The procedure is as described in Example 2, but the drum is ^{heated to 70 °} C. After 3 hours

The mixture has a tamped density of 1.05 g / cm ³ . The further processing takes place as in example 2. The

In this case, dispersion is already complete after 40 hours.
II The measurement results are shown in Table 1.

Ö Comparative experiment 1

!?; 1000 parts of a gamma iron (III) oxide corresponding to that used in Example 1 with a tamped density

iii of 0.60 g / cm ³ are directly j-em according to Example 2 with 250 parts of the appropriate binder and the others

■ Dispersed additives. After a dispersion time of 80 hours, the dispersion can be prepared according to Example 1

; ' are further processed.

The measurement results are shown in Table 1.
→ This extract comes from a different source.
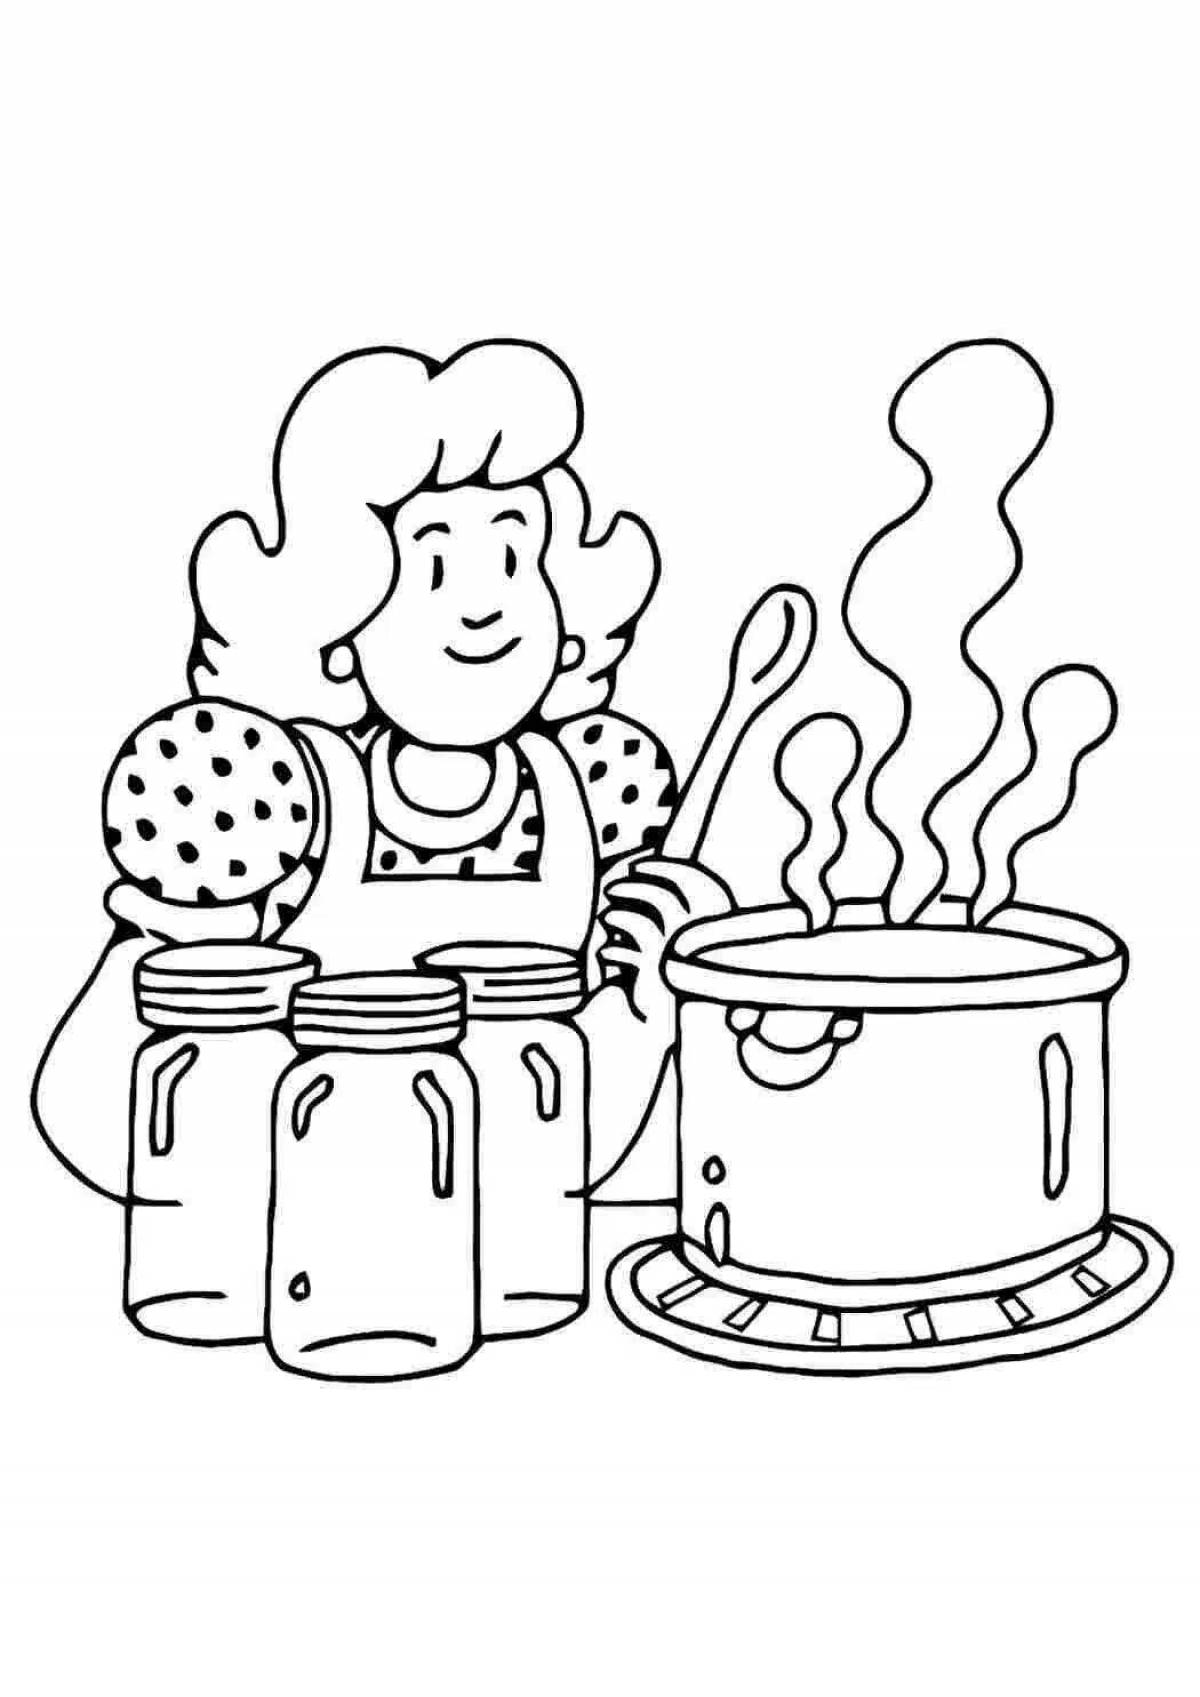 Colorful fire friend coloring page

Φ Comparative experiment 2

} - '■: The procedure is as in Comparative Experiment 1, but the iron oxide is before the dispersion between two

;, t; 55 rotating steel rollers, which are pneumatically compressed with a pressure of 1.6 bar, from the

ii Stampfdichto 0.60 g / ^cm3 compressed to 0.96 g / cm ^3. For sufficient dispersion there were 72

& Hours needed.

j.: | The measurement results are given in Table I.
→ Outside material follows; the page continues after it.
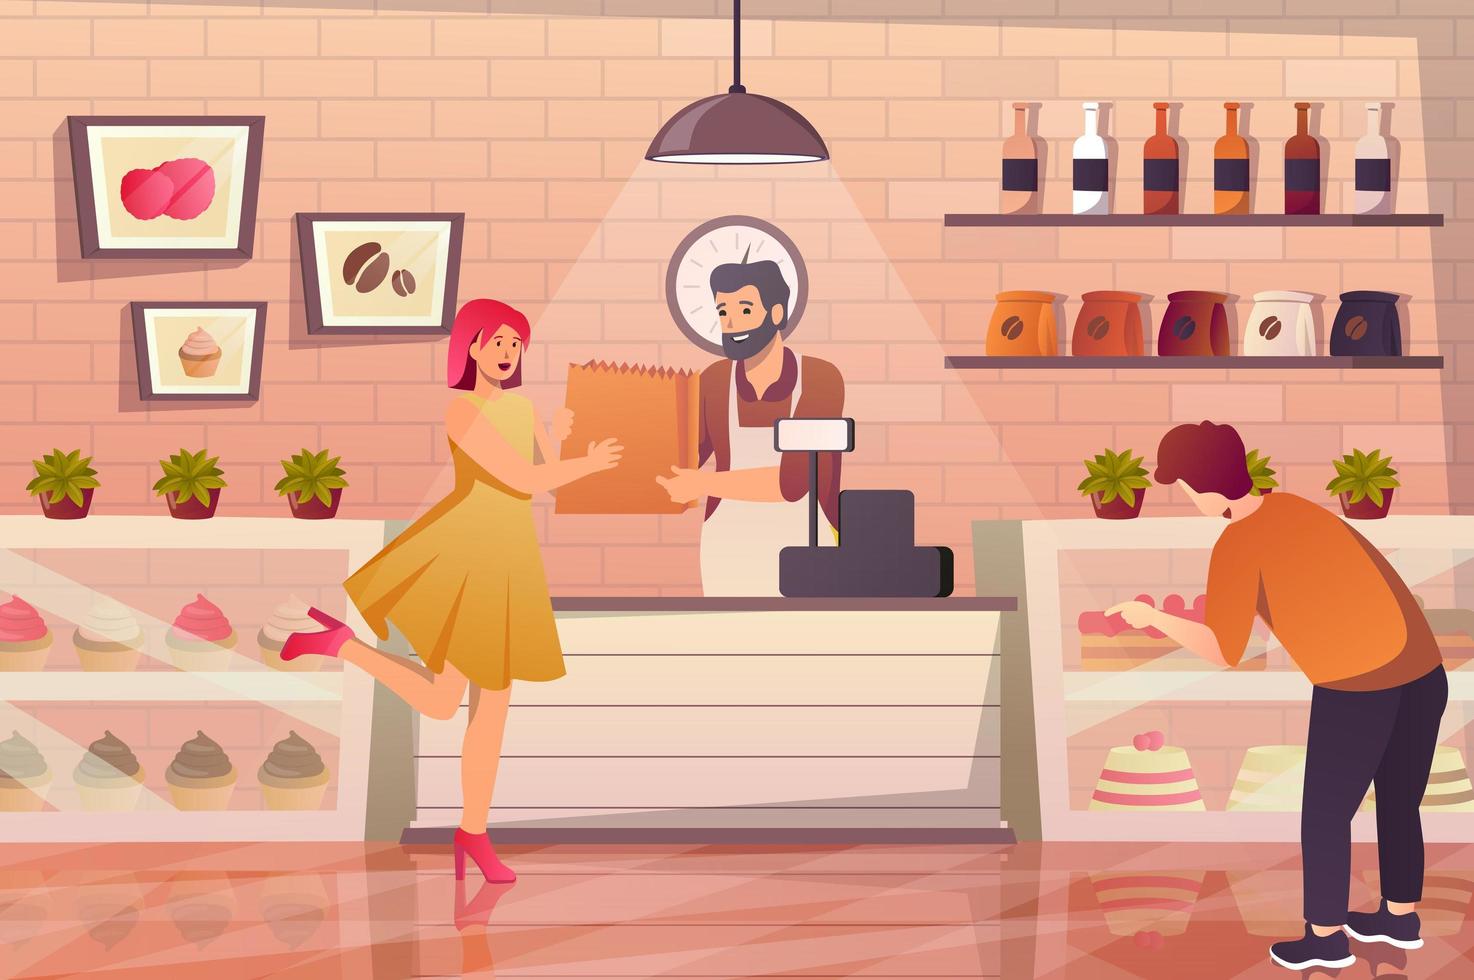 Bakery shop interior with buyers concept in flat cartoon design. Customers choose desserts in showcase and buy fresh pastries at checkout from seller. Vector illustration with people scene background

f {? bo comparative experiment 3

■ ^: 1000 parts of the Gamrna iron (III) oxide according to Example 1 are mixed with 250 parts of the same binder

mixed and compacted ^{to a bulk density of 0.75 g / cm 3} by means of the rotating steel rollers according to comparative experiment 2. Further processing takes place according to Example 2 after a dispersion time of 15 hours.
65 The measurement results are shown in Table I.
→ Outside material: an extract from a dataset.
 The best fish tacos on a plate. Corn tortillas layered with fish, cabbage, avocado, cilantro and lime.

Table 1 Disp./cil Siumpfdicliic Hc Mr Kl Ko BR Hours. [g / cm '] [kA / m | [niT] [dB] [dB] [dB] 60 0.88 26.4 125 41.5 52.0 64.2 example 1 48 0.96 26.2 130 41.7 52.5 64.0 Example 2 40 ! .05 26.0 135 4 3.0 53.0 64.2 Example 3 80 0.60 26.6 108 35.0 52.5 64.2 See vers. 1 72 0.96 26.2 118 39.0 51.0 64.0 Compare verse 2 15th 0.75 26.0 115 38.5 50.5 63.2 See verse 3

Claims (1)

Claim: Process for the production of magnetogram carriers, consisting of a carrier material and a applied and then solidified dispersion layer, in a first stage a solvent-free mixture of magnetic iron oxide, binder and additives is produced, which then in a second stage with solvents, other dissolved binders and additives offset, in the form of a thin even layer with simultaneous magnetic alignment the needle-shaped particles are applied to a carrier material and by evaporation of the solvent is solidified, characterized in that the solvent-free mixing of the magnetic ίο iron oxide with a proportion of 15 to 100% of the amount of the polymer intended for the magnetic layer Binder in conventional containers suitable for mixing solids for 2 to 24 hours Turning takes place at a temperature below the softening point of said binder.